→ Task
Would you repeat the data below exactly, taking out the images?

→ Provided data
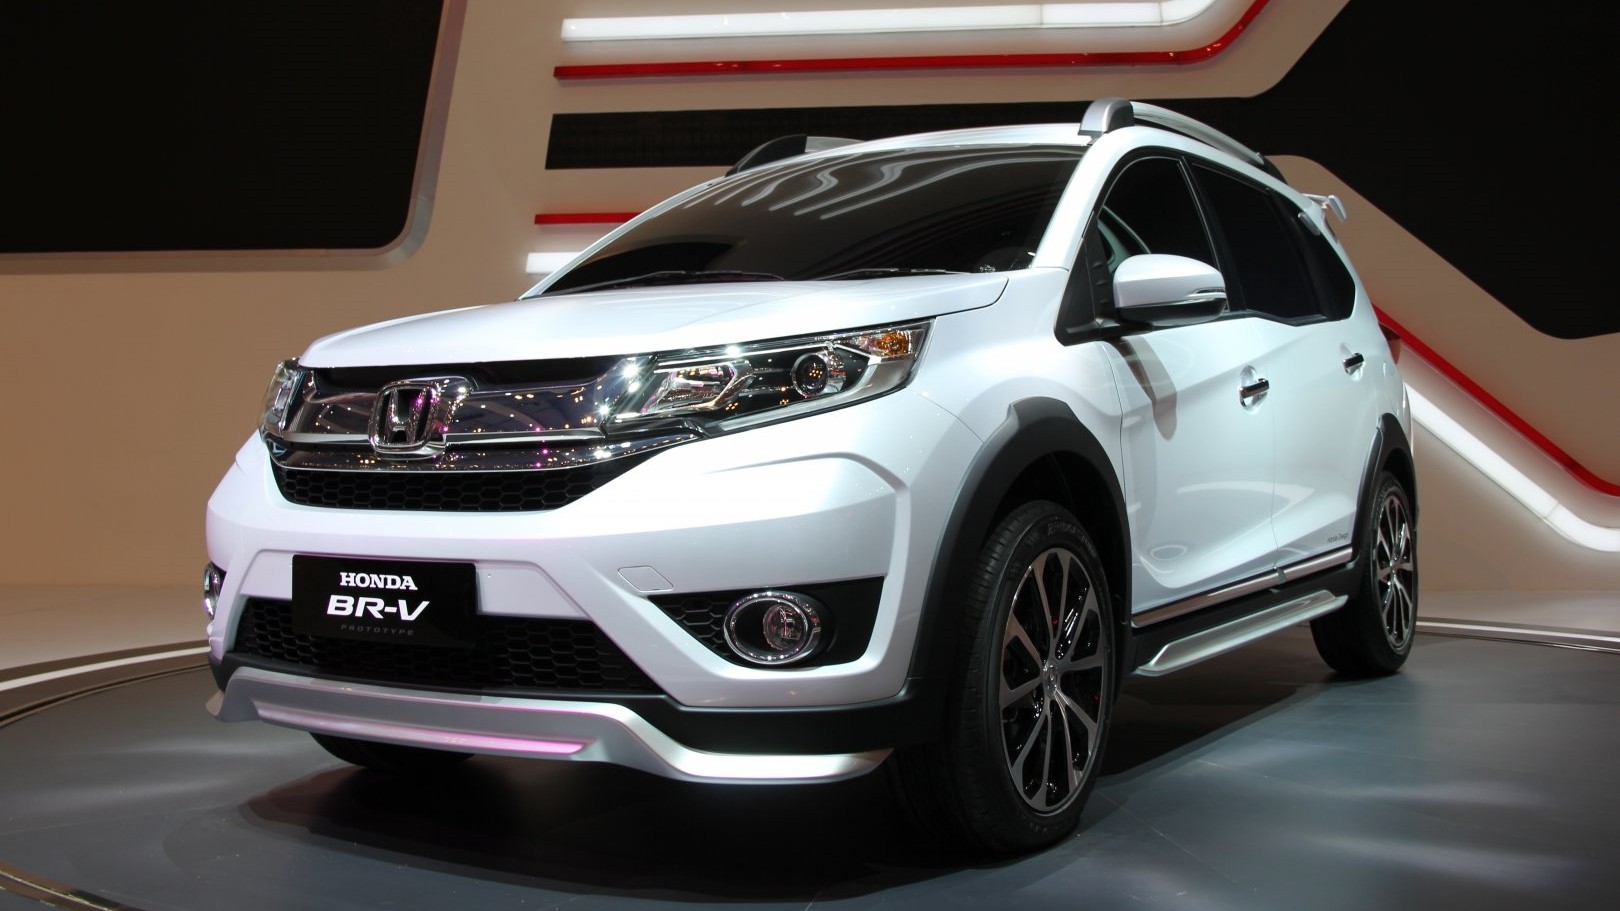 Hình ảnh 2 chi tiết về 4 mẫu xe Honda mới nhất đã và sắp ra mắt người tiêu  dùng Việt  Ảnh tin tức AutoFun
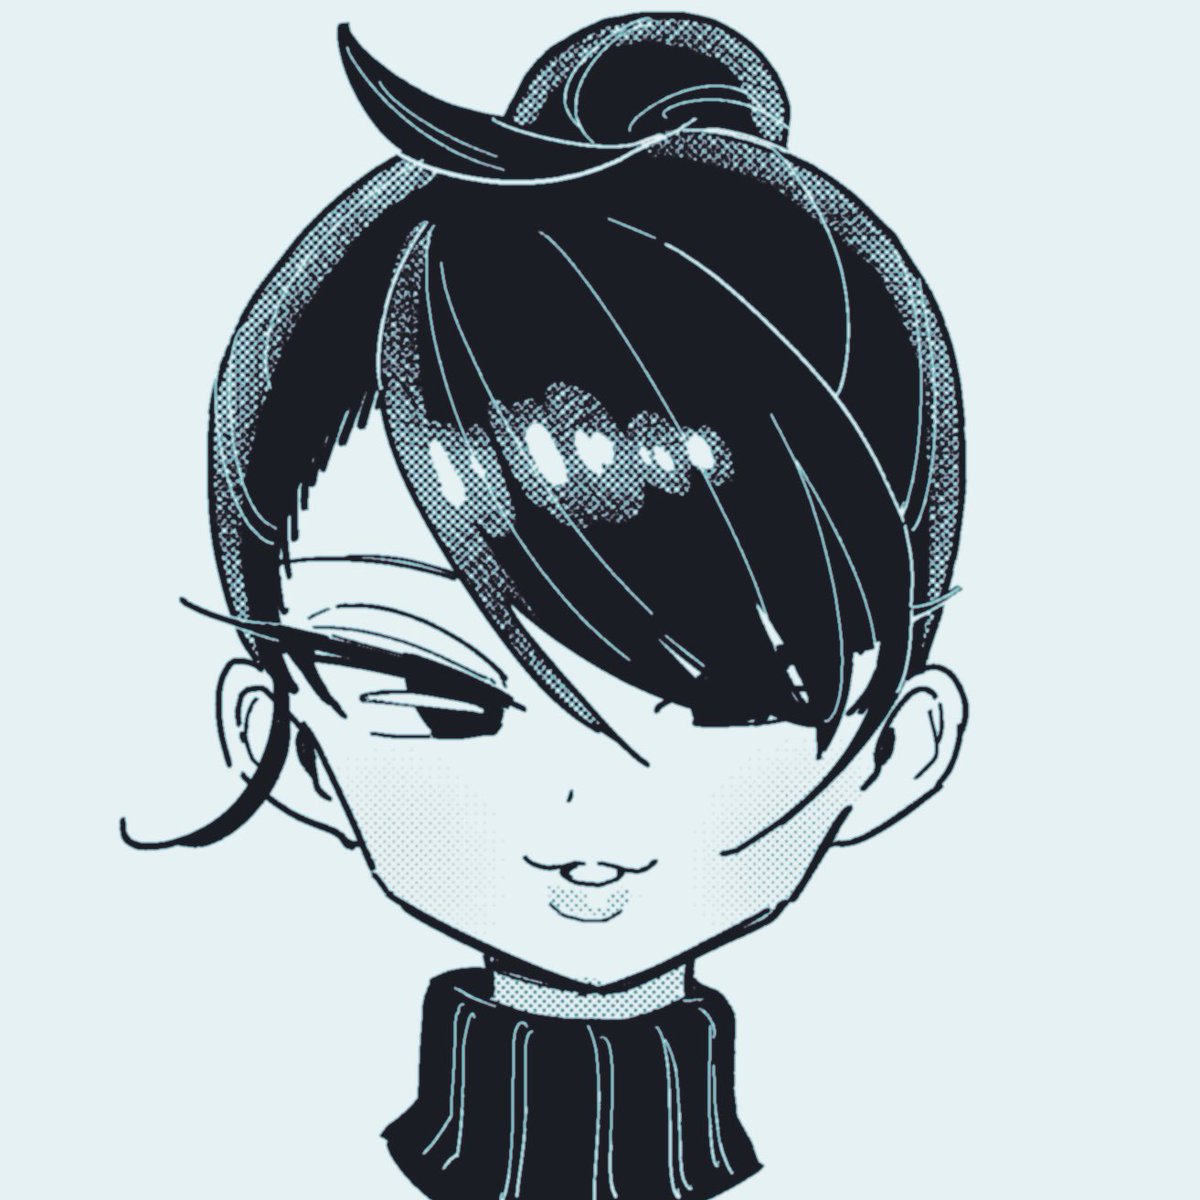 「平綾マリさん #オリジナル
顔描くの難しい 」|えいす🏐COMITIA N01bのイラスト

→ Output for this task
 Hình ảnh 2 chi tiết về 4 mẫu xe Honda mới nhất đã và sắp ra mắt người tiêu  dùng Việt  Ảnh tin tức AutoFun
 「平綾マリさん #オリジナル
顔描くの難しい 」|えいす🏐COMITIA N01bのイラスト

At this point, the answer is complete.